__Exercise details__: Each line below is to be copied exactly; images do not go into the copy.

__Dataset extract__:
◇ ◇ ◇ ◇ ◇

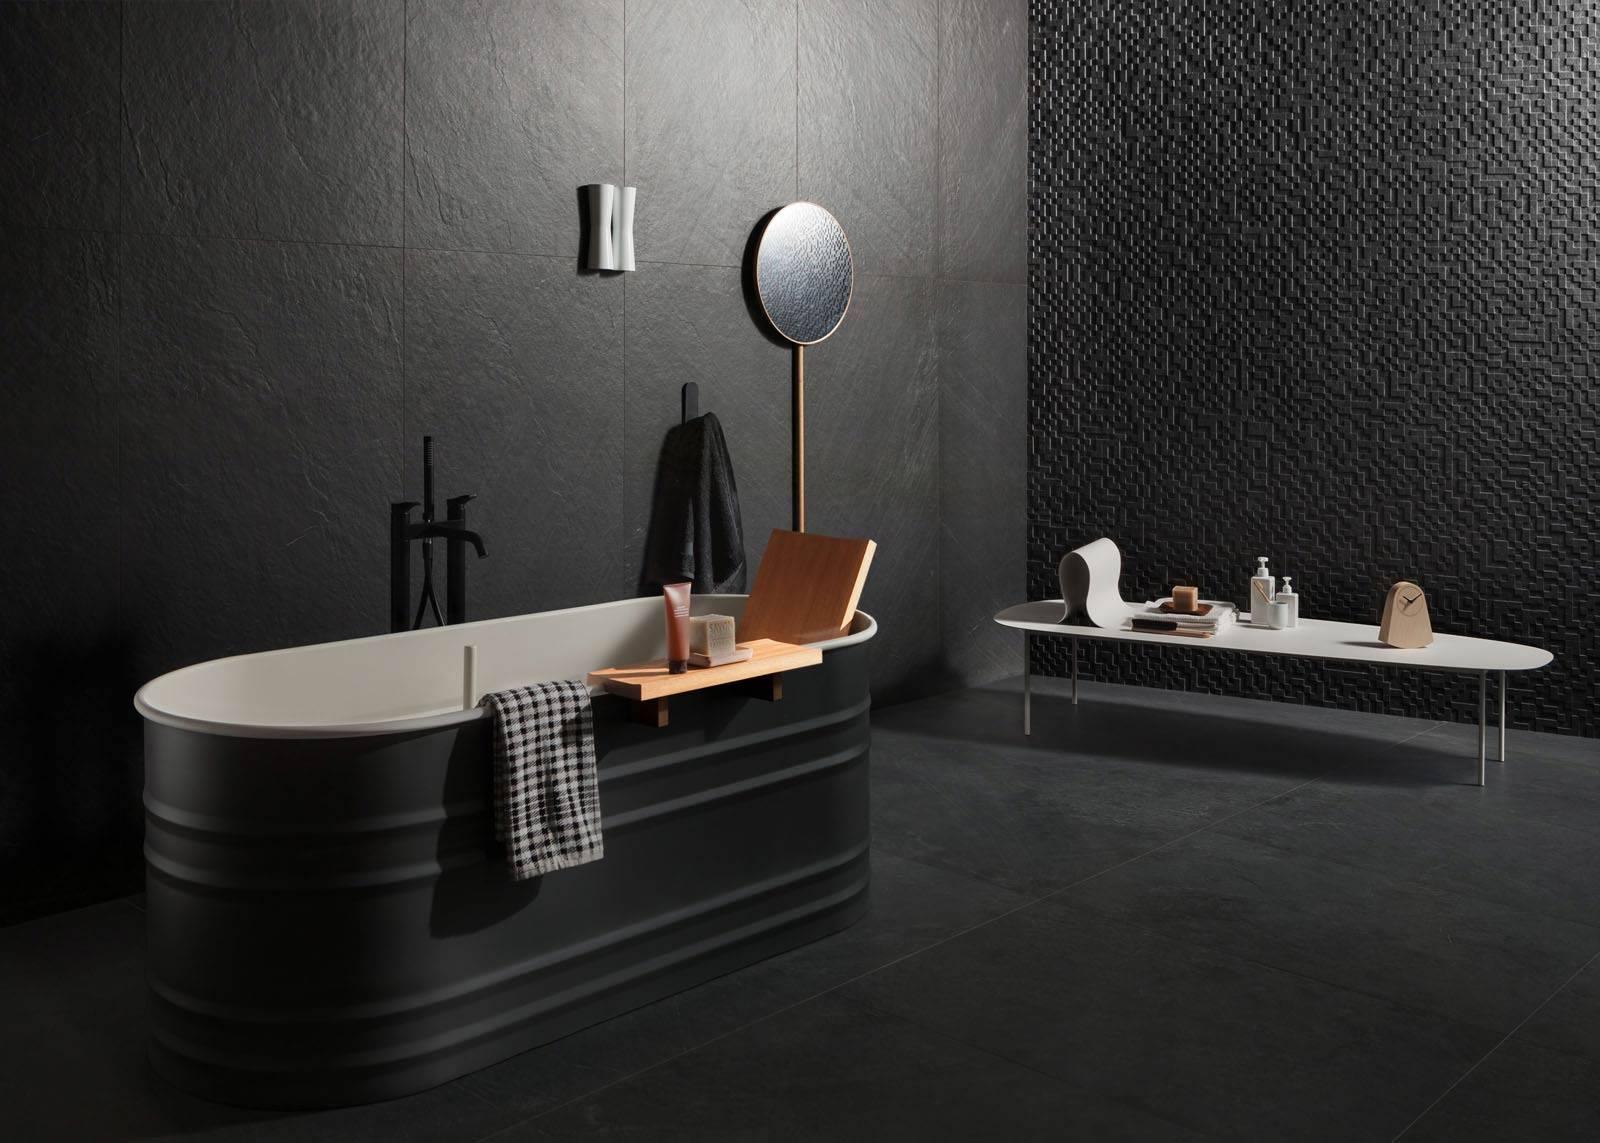 بالصور سيراميك حمامات 2019 , احدث تصميمات لسيراميك الحمامات 2618 8
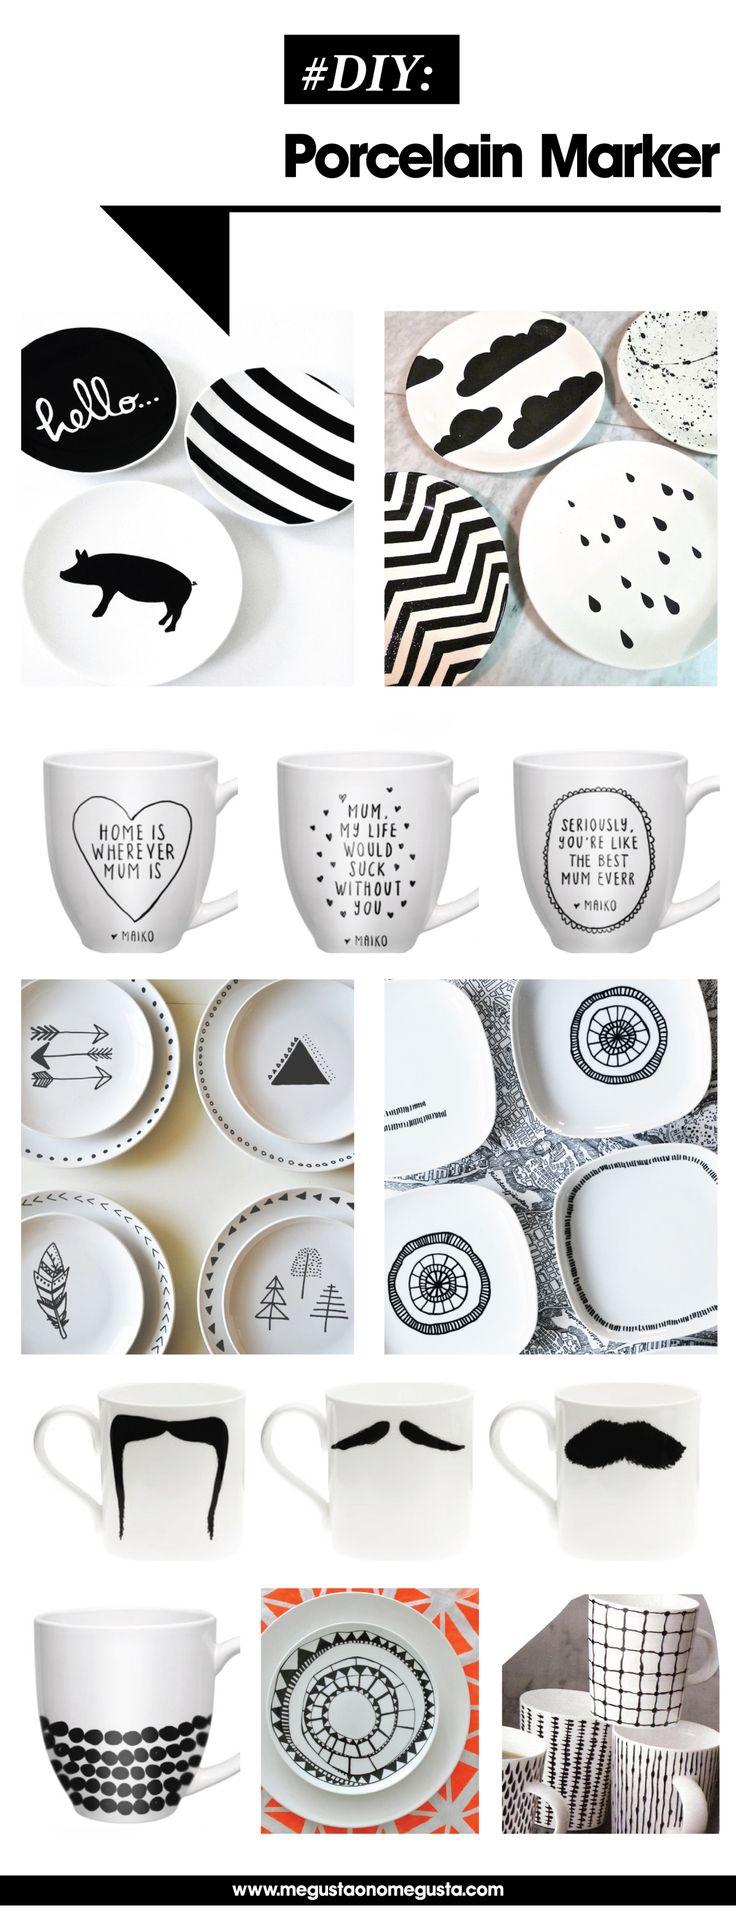 Porcelain markers for everything! DIY porcelain marker inspo - megustaonomegusta blog
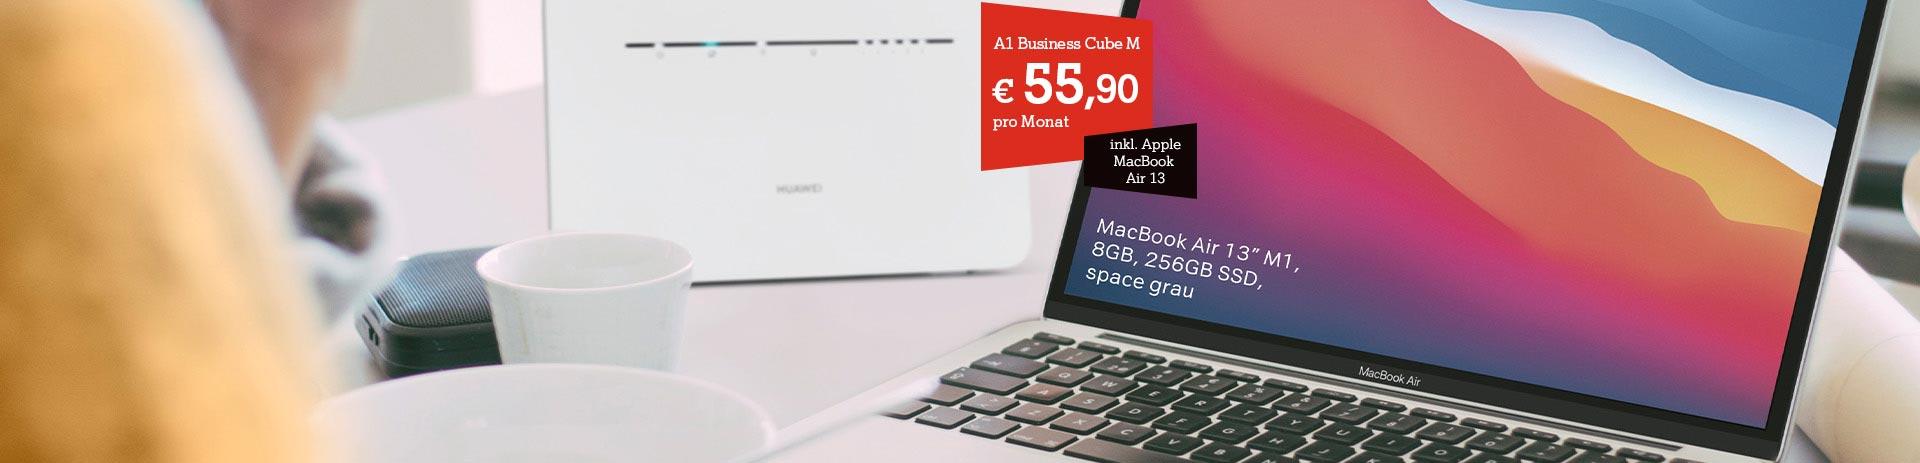 A1 Business Cube & MacBook Air 13

◇ ◇ ◇ ◇ ◇

__Task response__:
 بالصور سيراميك حمامات 2019 , احدث تصميمات لسيراميك الحمامات 2618 8
 Porcelain markers for everything! DIY porcelain marker inspo - megustaonomegusta blog
 A1 Business Cube & MacBook Air 13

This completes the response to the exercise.